K. Ratzlaff scite author profile

We report on studies of the viability and sensitivity of the Askaryan Radio Array (ARA), a new initiative to develop a Teraton-scale ultra-high energy neutrino detector in deep, radio-transparent ice near Amundsen-Scott station at the South Pole. An initial prototype ARA detector system was installed in January 2011, and has been operating continuously since then. We report on studies of the background radio noise levels, the radio clarity of the ice, and the estimated sensitivity of the planned ARA array given these results, based on the first five months of operation. Anthropogenic radio interference in the vicinity of the South Pole currently leads to a few-percent loss of data, but no overall effect on the background noise levels, which are dominated by the thermal noise floor of the cold polar ice, and galactic noise at lower frequencies.
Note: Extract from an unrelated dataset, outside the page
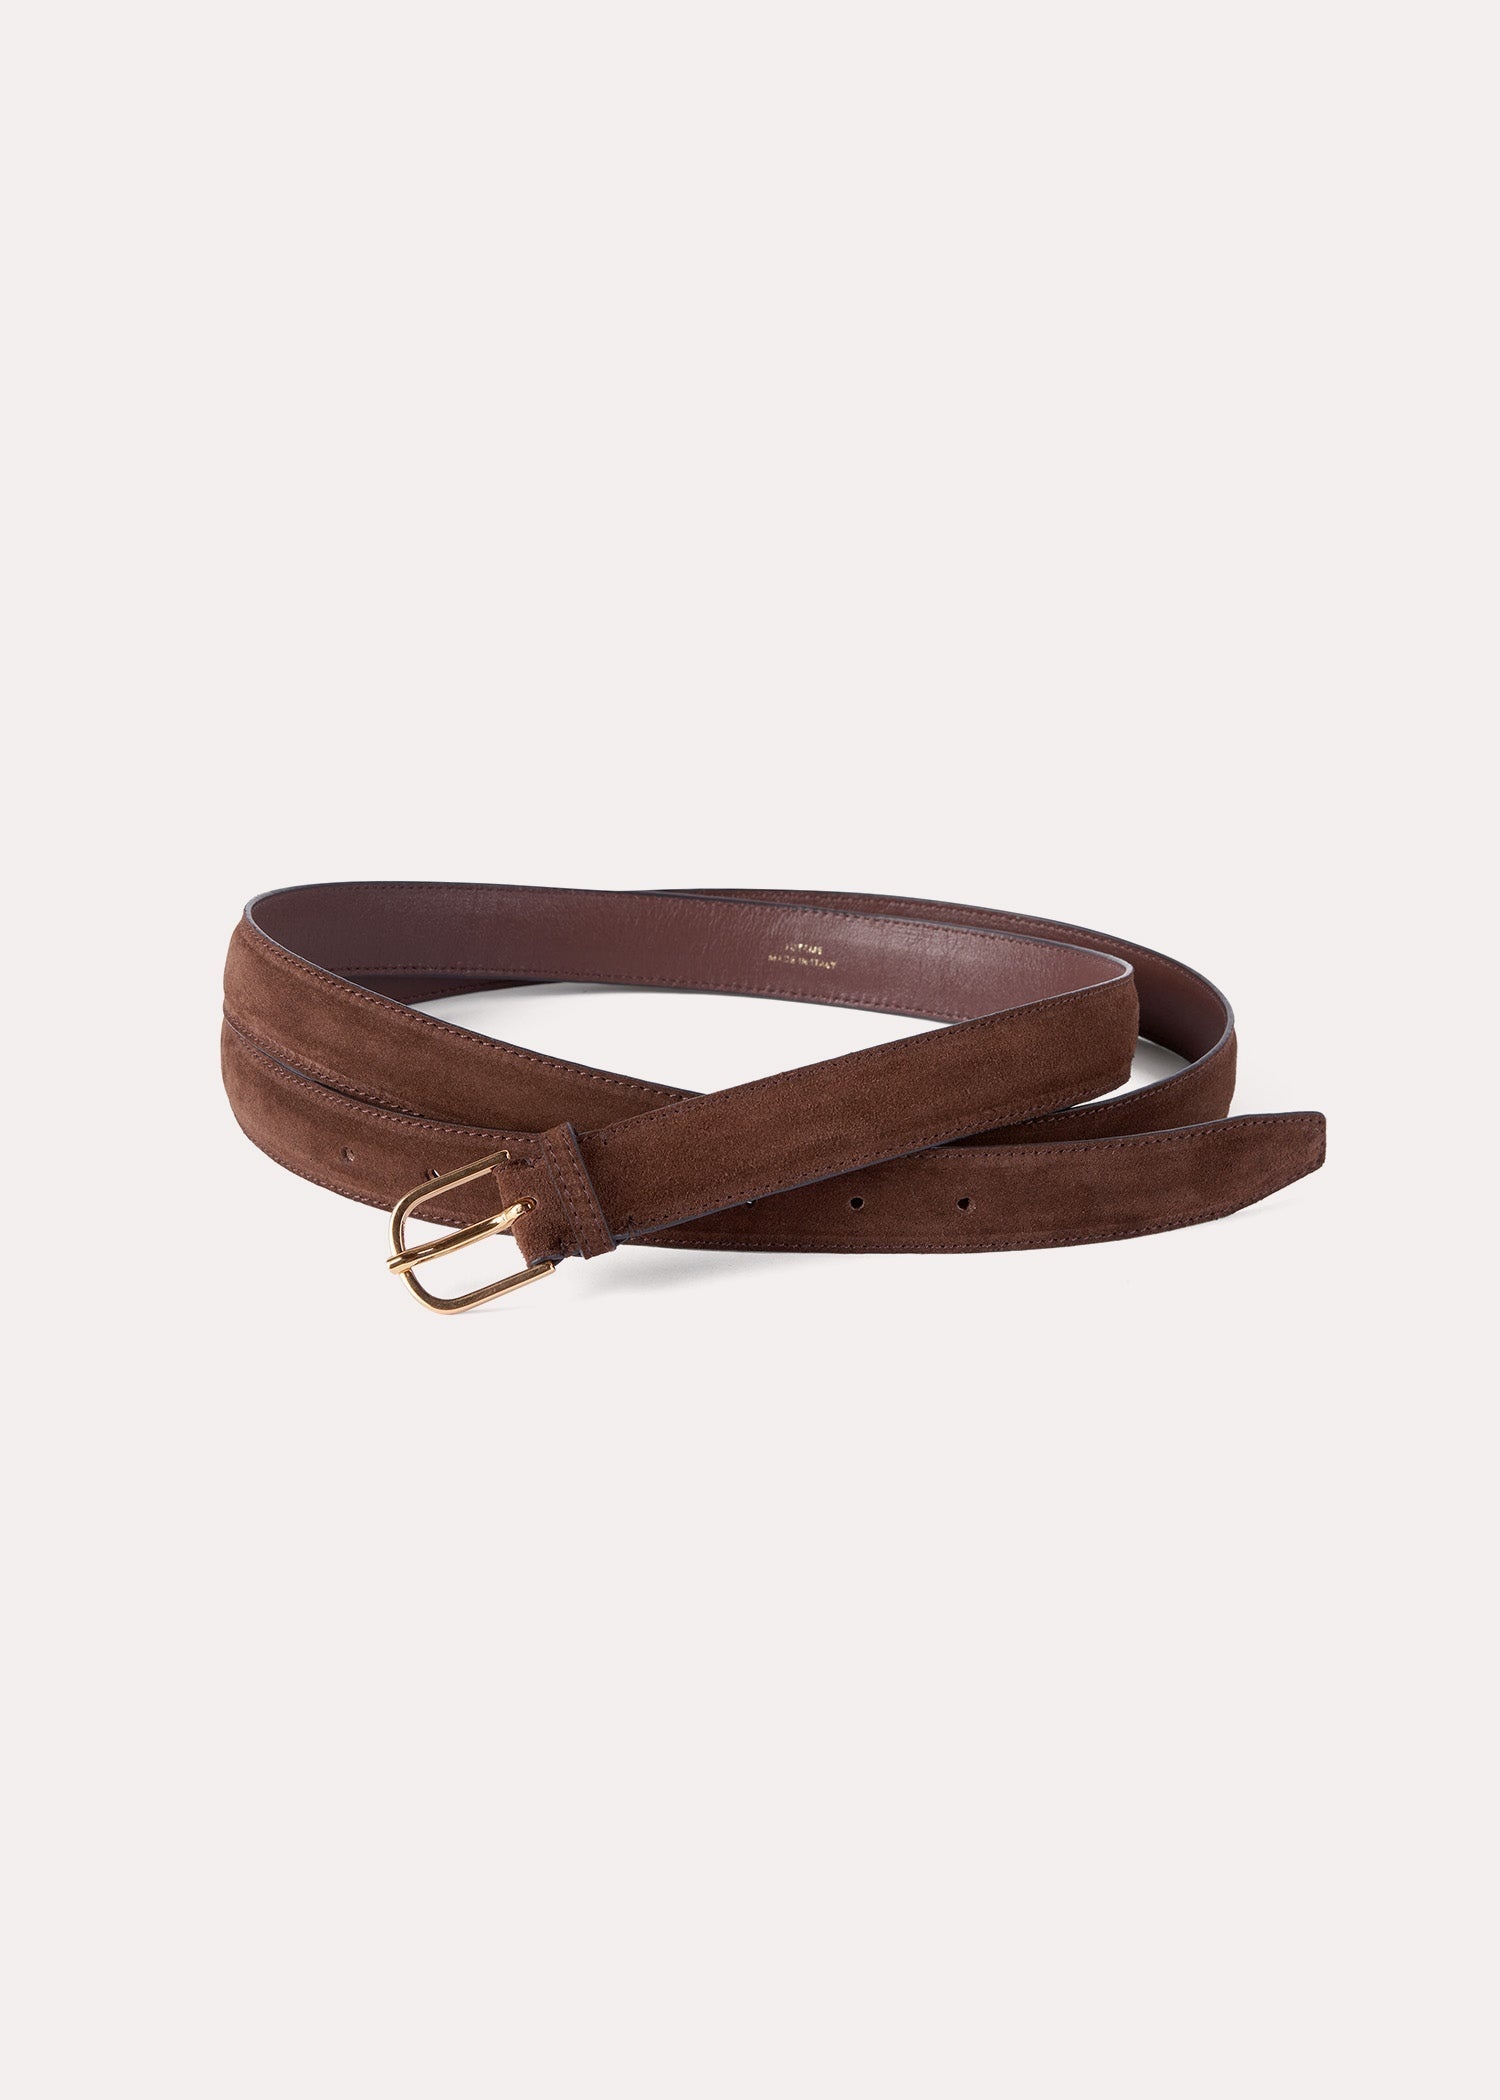 Wrap belt chocolate brown - 4

We have also successfully detected signals originating from a 2.5 km deep impulse generator at a distance of over 3 km from our prototype detector, confirming prior estimates of kilometer-scale attenuation lengths for cold polar ice. These are also the first such measurements for propagation over such large slant distances in ice. Based on these data, ARA-37, the 200 km 2 array now under construction, will achieve the highest sensitivity of any planned or existing neutrino detector in the 10 16 − 10 19 eV energy range.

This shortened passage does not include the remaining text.